Flexibility means responding. As we saw in the Falcon example, with a modifiable structure in place and the ability to sense changing contexts, flexible interactions respond accordingly. They do this in two major ways: form and function. Form means responding by changing an interaction’s shape, design, order or content, while function implies modifying an interaction’s ability, memory or behaviour. This is the level of feedback experienced by the user and often the only level of a flexible interaction that might be apparent to them.

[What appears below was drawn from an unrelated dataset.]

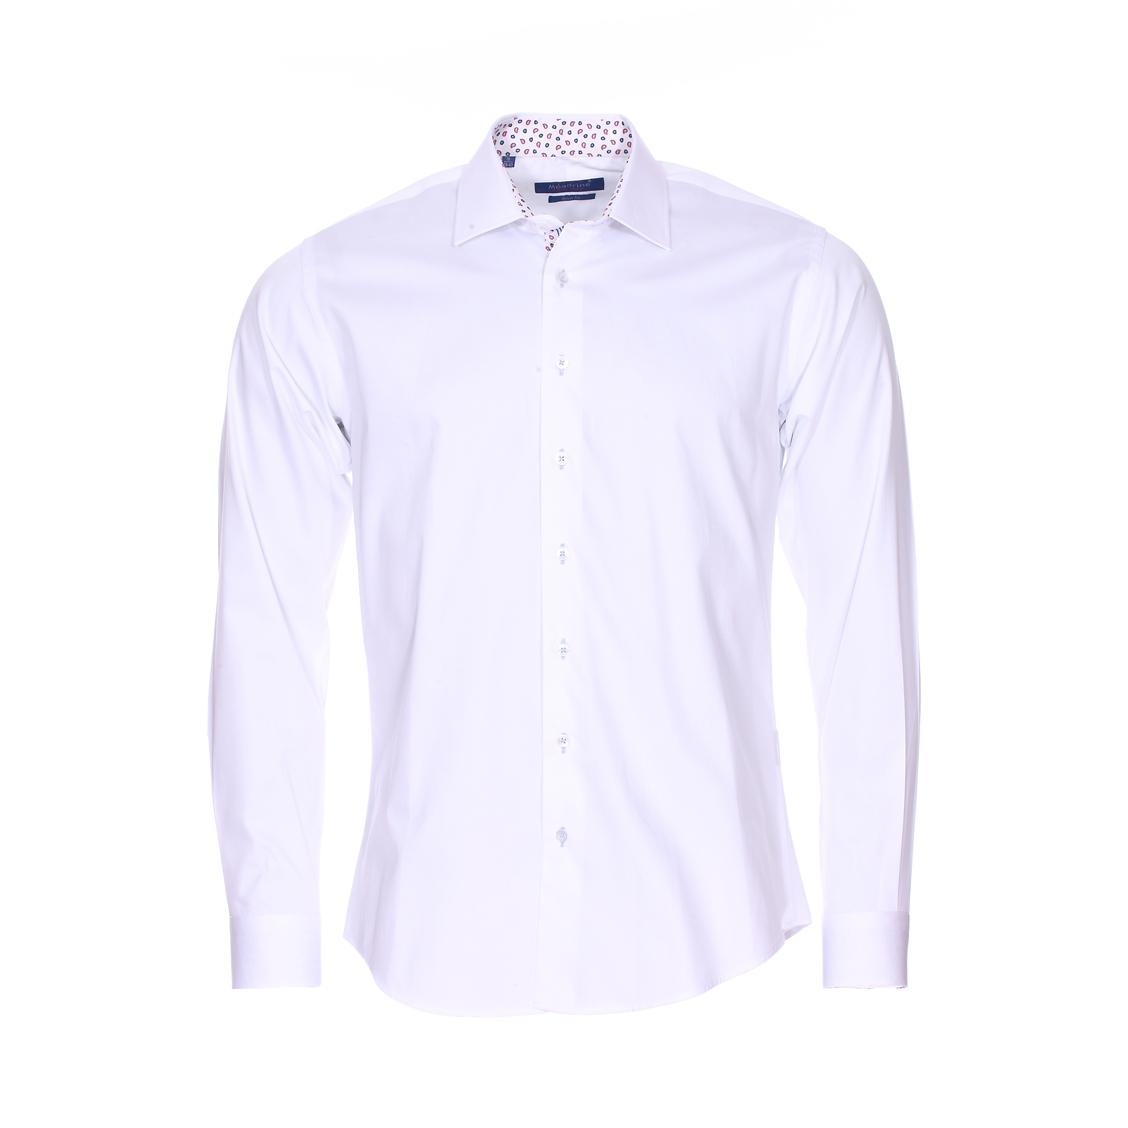 Chemise cintrée  en coton blanc à opposition à motifs cachemires rouges et bleu marine

Examples of this attribute can be seen in a variety of interactions and are the direct result of the other two key attributes. But perhaps the best example of this is NPR’s Content Management system, COPE or Create Once, Publish Everywhere. The principle of this approach is a content management system that structures content at a detailed level, so that it can be configured and reconfigured across multiple devices, context and mediums. With this structure in place, interactions are a direct response to the context at hand; a piece of content can be viewed in multiple contexts, responding to the constraints to satisfy user expectations and behaviours. While brilliant in execution, with time this approach could be extended further to absorb even more context and respond at an even deeper level.
Flexible Interactions are easily modified to respond to altered contexts; anticipating change, supporting user needs and extending experiences now and into the future.
Toward Flexible Interactions
I believe that this approach will guide decision making in a diverse ecosystem of technology and will extend the discourse beyond existing solutions. Ideally we can move beyond responsive and reapproach design challenges from a systematic perspective.
This article is based on my presentation of the same name which was originally presented at the Interaction13 Conference on January 30, 2013.